Васенька приподнял голову, пытаясь понять, не шутит ли Иван Иваныч, и Вера увидела лицо, прозрачное от худобы, совсем молодое и только у рта отмеченное темными, глубокими, почти старческими складками.

 Это Вера Николаевна, товарищи!  другим, торжественным и авторитетным, тоном сказал Воронов.  От шефской мастерской, жена нашего брата фронтовика. Пришла ко всем к нам.

 Просим, просим!  слабо и обрадованно вскрикнул Васенька, опускаясь на подушки.

 А я думал, вы представлять будете,  разочарованно и звонко протянул кто-то от окна.  Очень вы на артистку похожая.

Вера встала, улыбаясь, и тотчас же увидела широкоплечего парня, стоявшего у окна, бритого, в лыжных штанах и в майке.
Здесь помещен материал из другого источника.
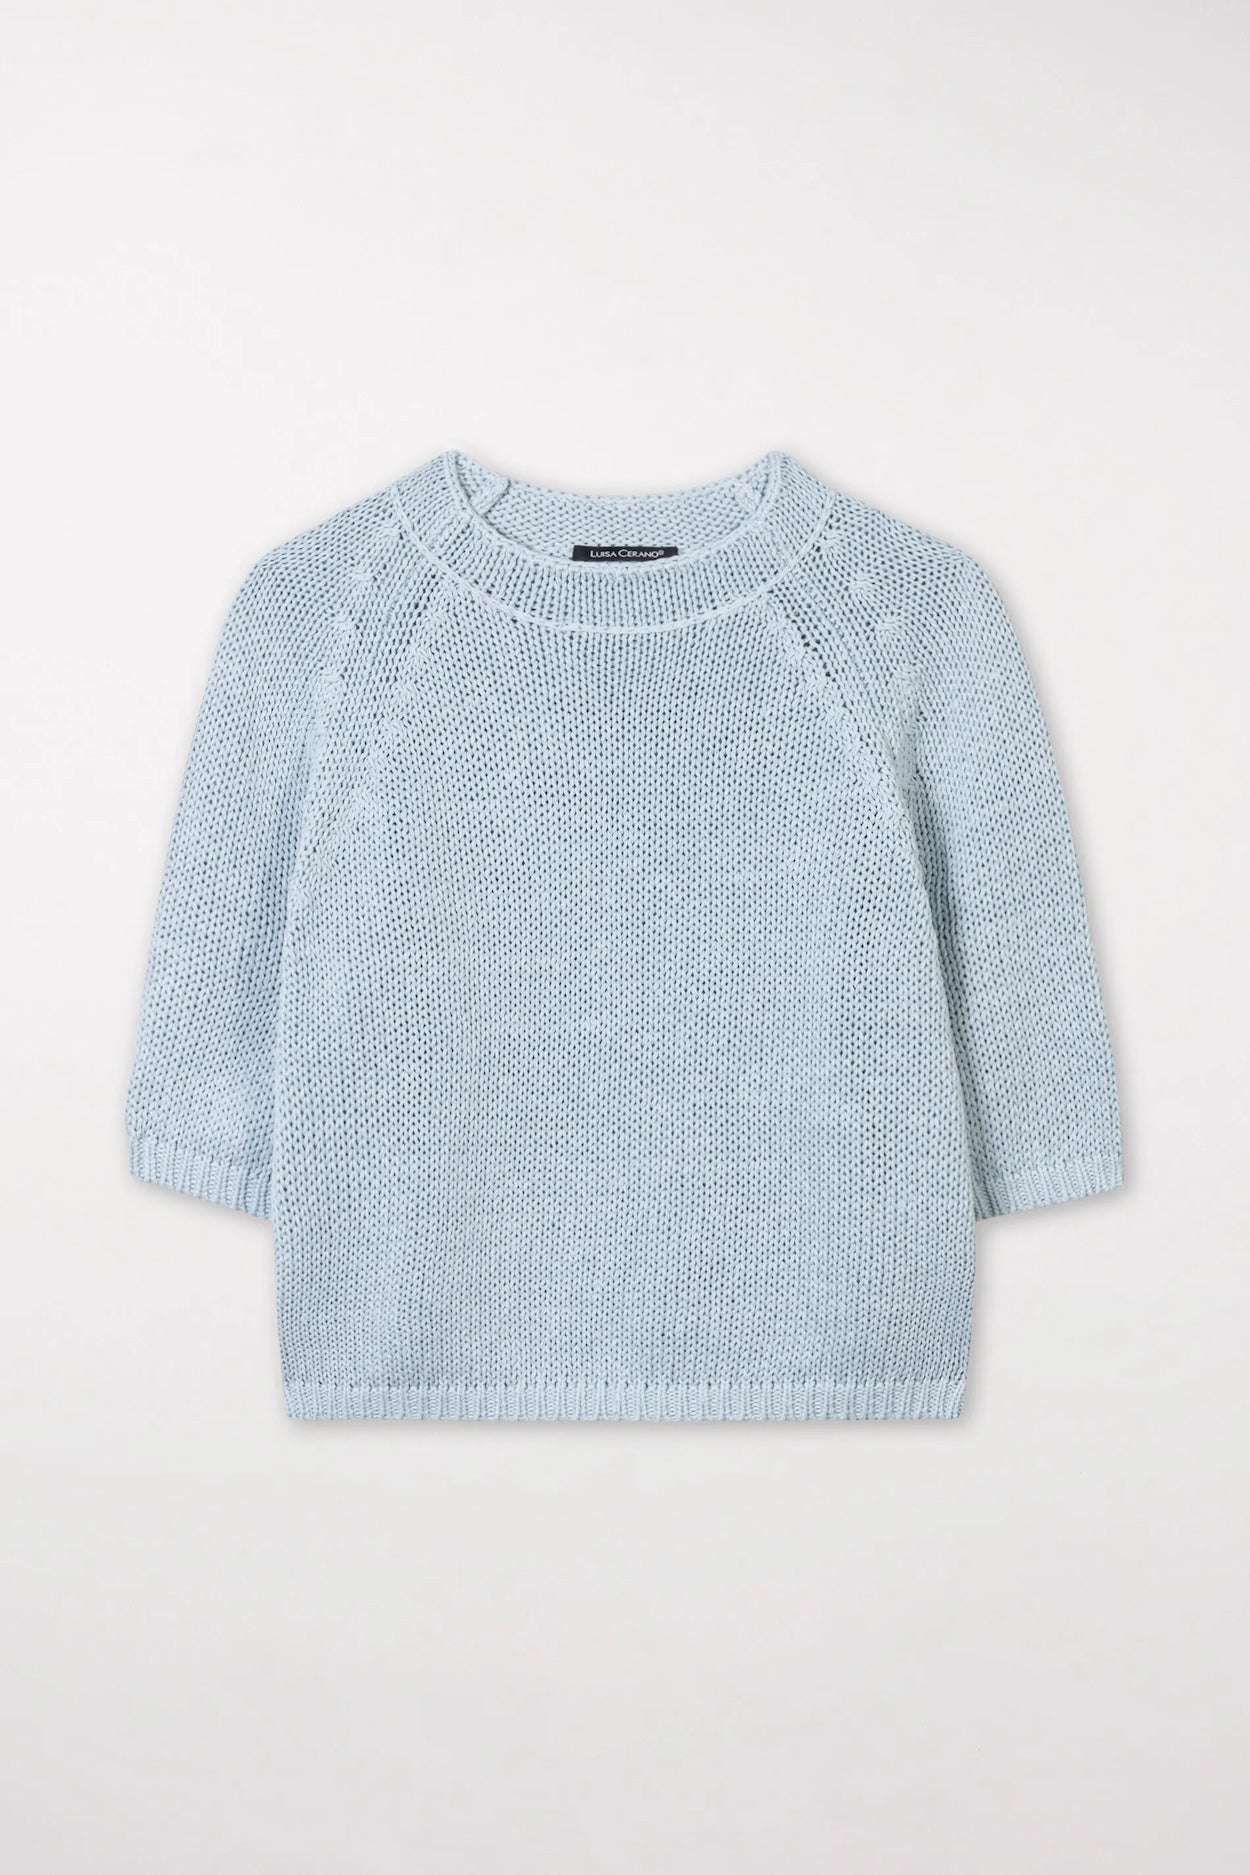 Sky Blue Linen Blend Knit Sweater

 Я немного почитаю вам?  спросила она у всех, не узнавая своего звенящего голоса.

 Почитайте.

 Ну и что же!

 Пожалуйста  откликнулось ей сразу несколько голосов, и среди них отчетливо прозвучал тенорок Ивана Иваныча.

 Только не про войну,  просительно сказал Васенька.  Можно?
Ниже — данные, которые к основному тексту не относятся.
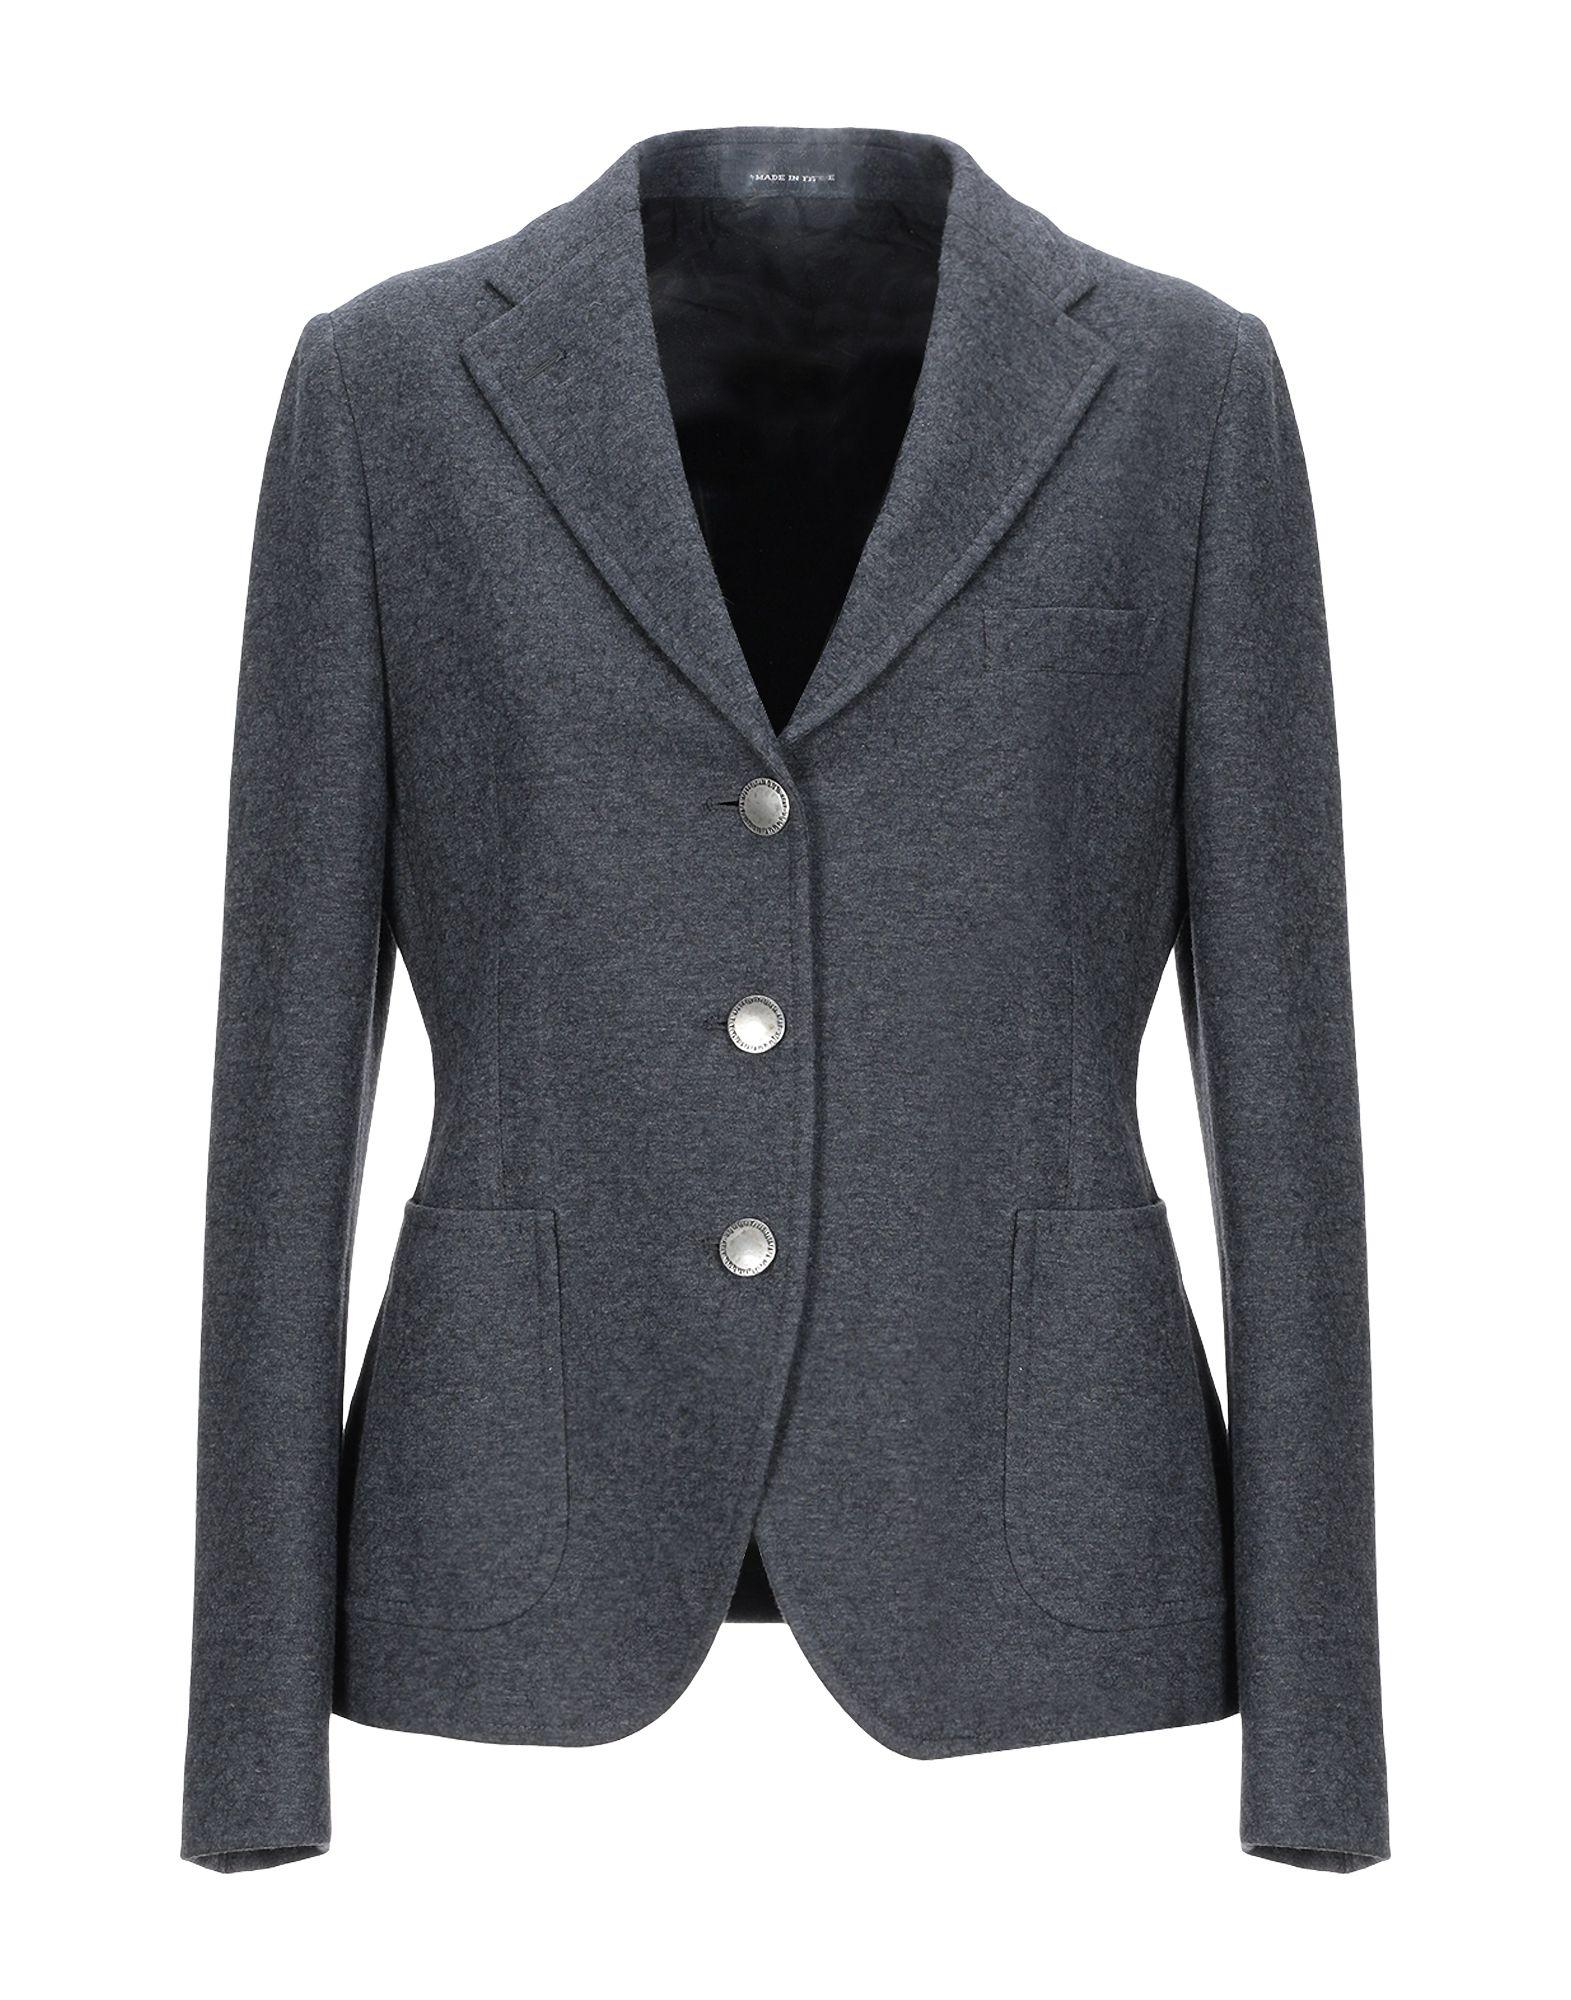 Tagliatore 0205 Cotton Blazer in Grey (Gray) - Lyst

Вера вышла на середину палаты, к общему столику, и опять поймала странный взгляд горца.

«Что-то неладно у этого»,  смутно подумала она.

Парень в майке предложил ей табуретку и налил воды из графина. Заодно он уж и представился:

 Толя. Выздоравливающий.

И Вера с удовольствием пожала ему руку,  такой он был весь ясный, со своими голубыми, навыкате, глазами и круглыми, юношескими щеками.
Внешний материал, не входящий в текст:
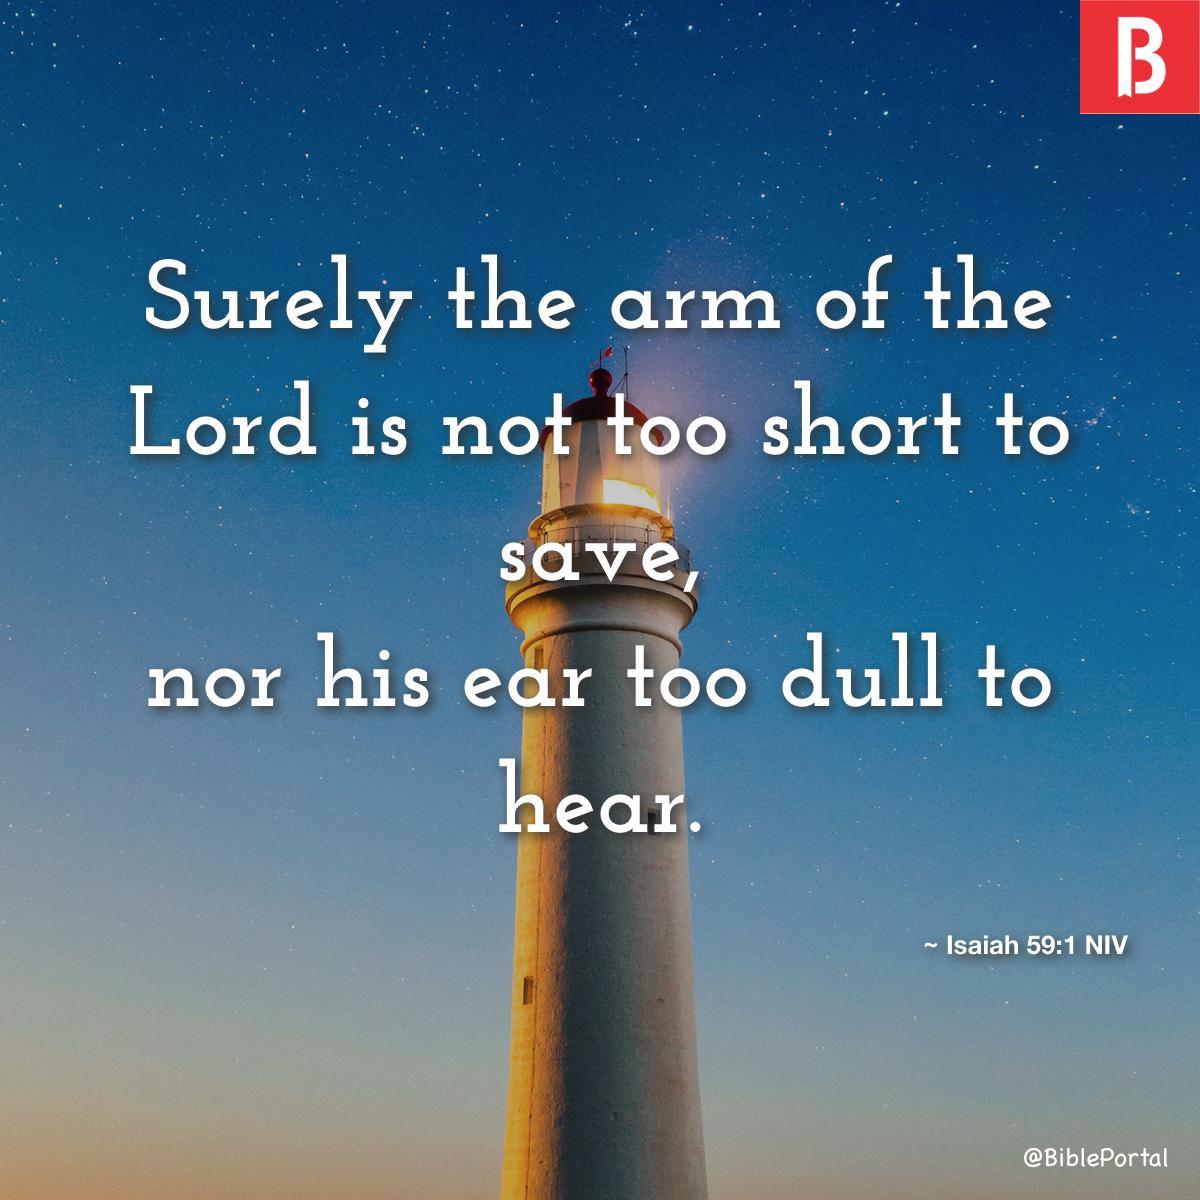 Isaiah 59:1 NIV

Она начала читать рассказ. Хуже всех слушал Толя. Он решительно не мог усидеть на одном месте и сновал по палате, переговариваясь громким шепотом то с одним, то с другим раненым. Иван Иваныч, изловчившись, поймал Толю за руку и усадил к себе на кровать.

Горец лежал, совсем не улыбаясь и, может быть, ничего не слыша. Но Вера чувствовала, что он смотрит на нее так пристально, что строки временами путались в глазах. Максим, безучастный ко всему, закрыл глаза и, кажется, дремал.

Васенька смеялся тихонько и бессильно. Толя, поневоле прислушавшись, громко ему вторил. Иван Иваныч довольно, задумчиво улыбался. Вера кончила рассказ и положила книжку на стол  она решила оставить ее здесь. Иван Иваныч поблагодарил ее за всех.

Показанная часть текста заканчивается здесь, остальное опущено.